- _The task_:
Reproduce the data below exactly as written. Pictures do not belong in the copy.

- _Source material_:
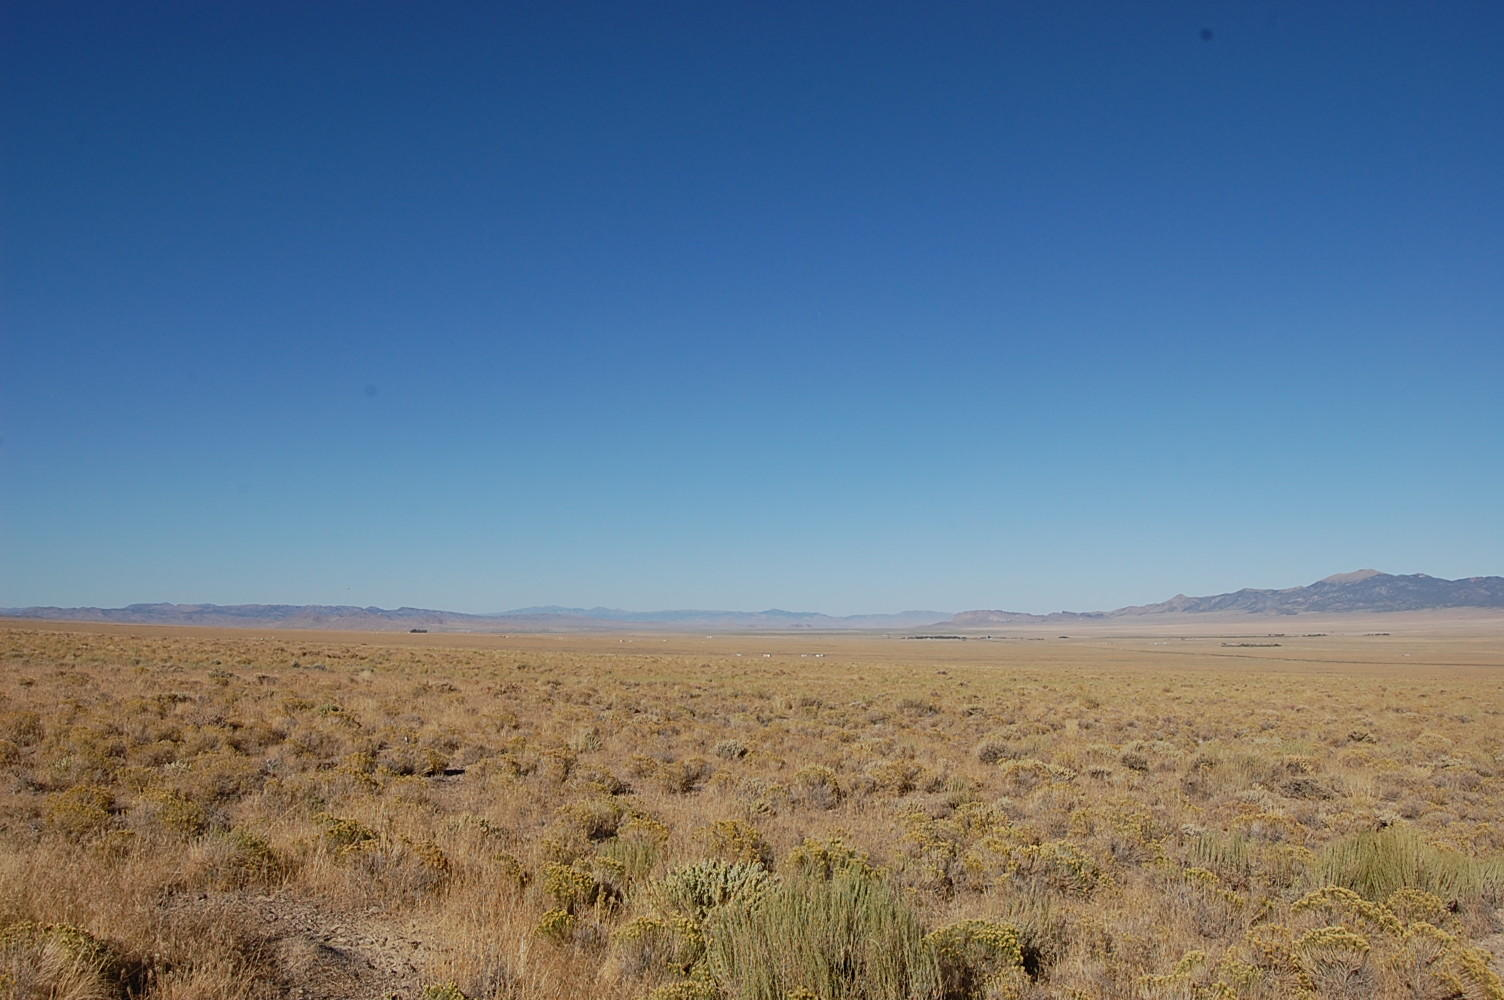 Escape into the Nevada Mountain Range on Stunning 2 Acres - Image 4
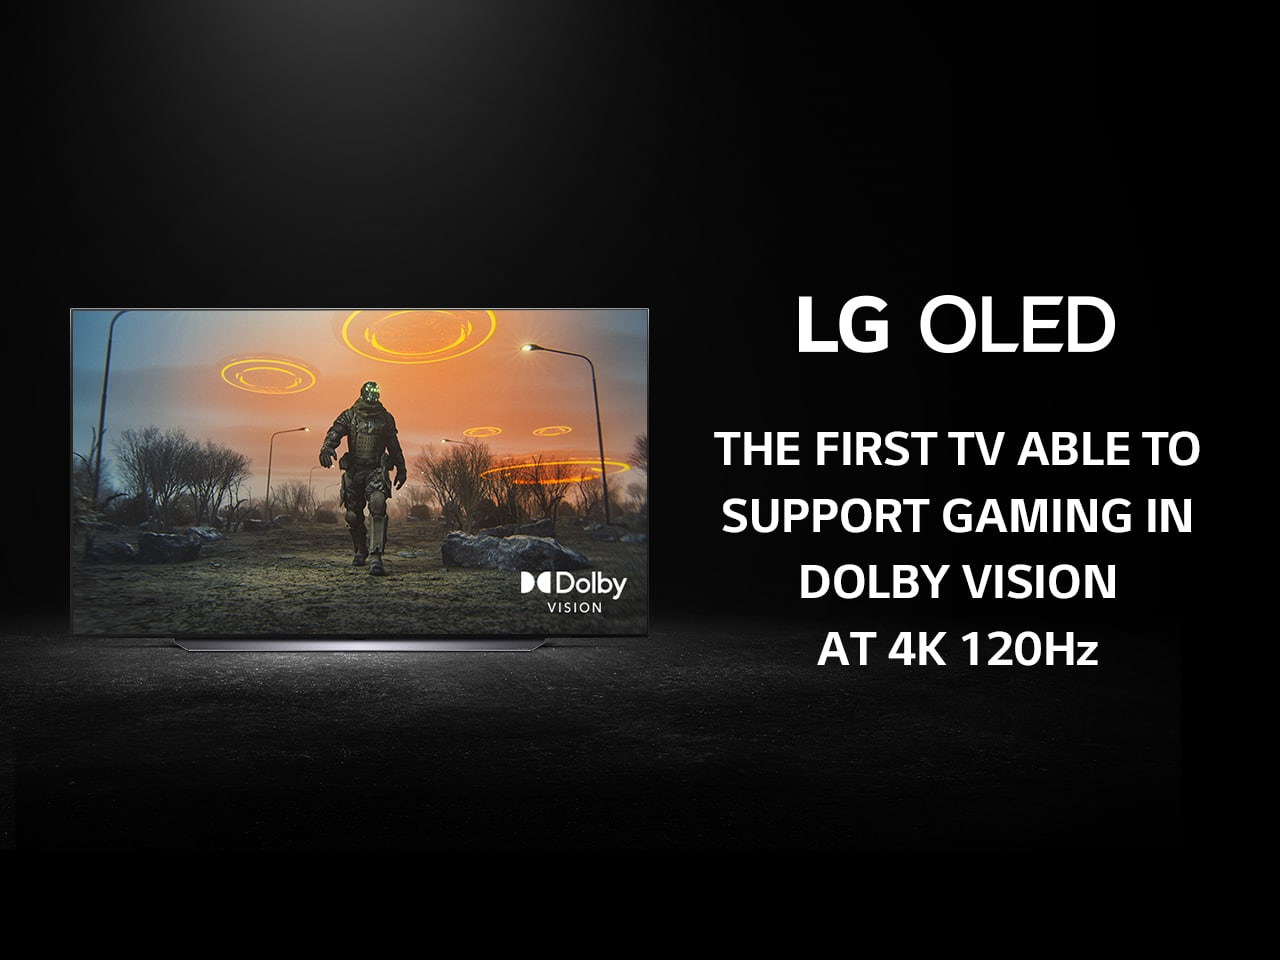 LG OLED TV, arriva la funzionalità Dolby Vision per il gaming thumbnail
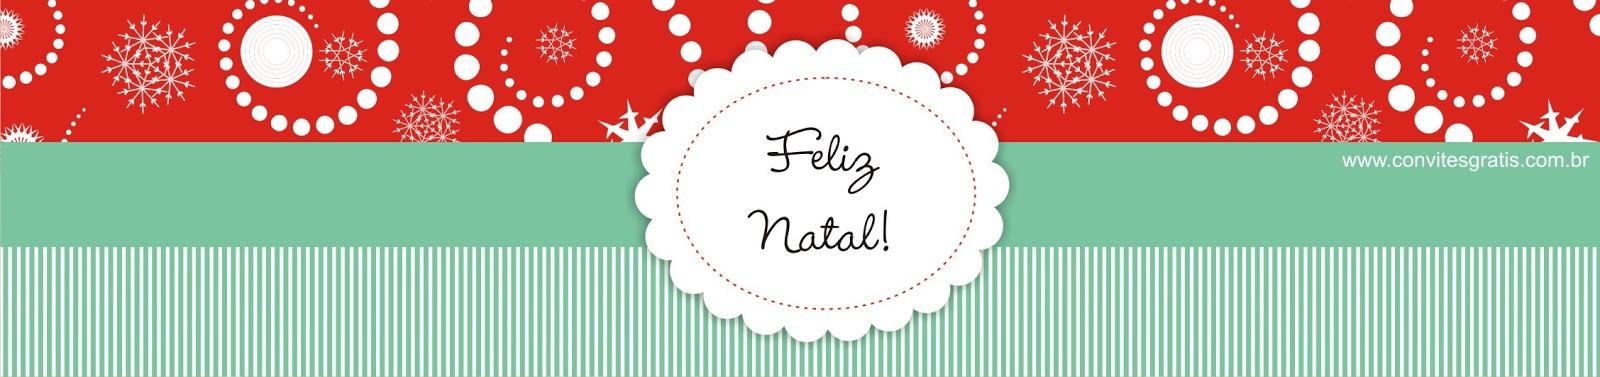 adesivo natal gratis

- _Output for this exercise_:
 Escape into the Nevada Mountain Range on Stunning 2 Acres - Image 4
 LG OLED TV, arriva la funzionalità Dolby Vision per il gaming thumbnail
 adesivo natal gratis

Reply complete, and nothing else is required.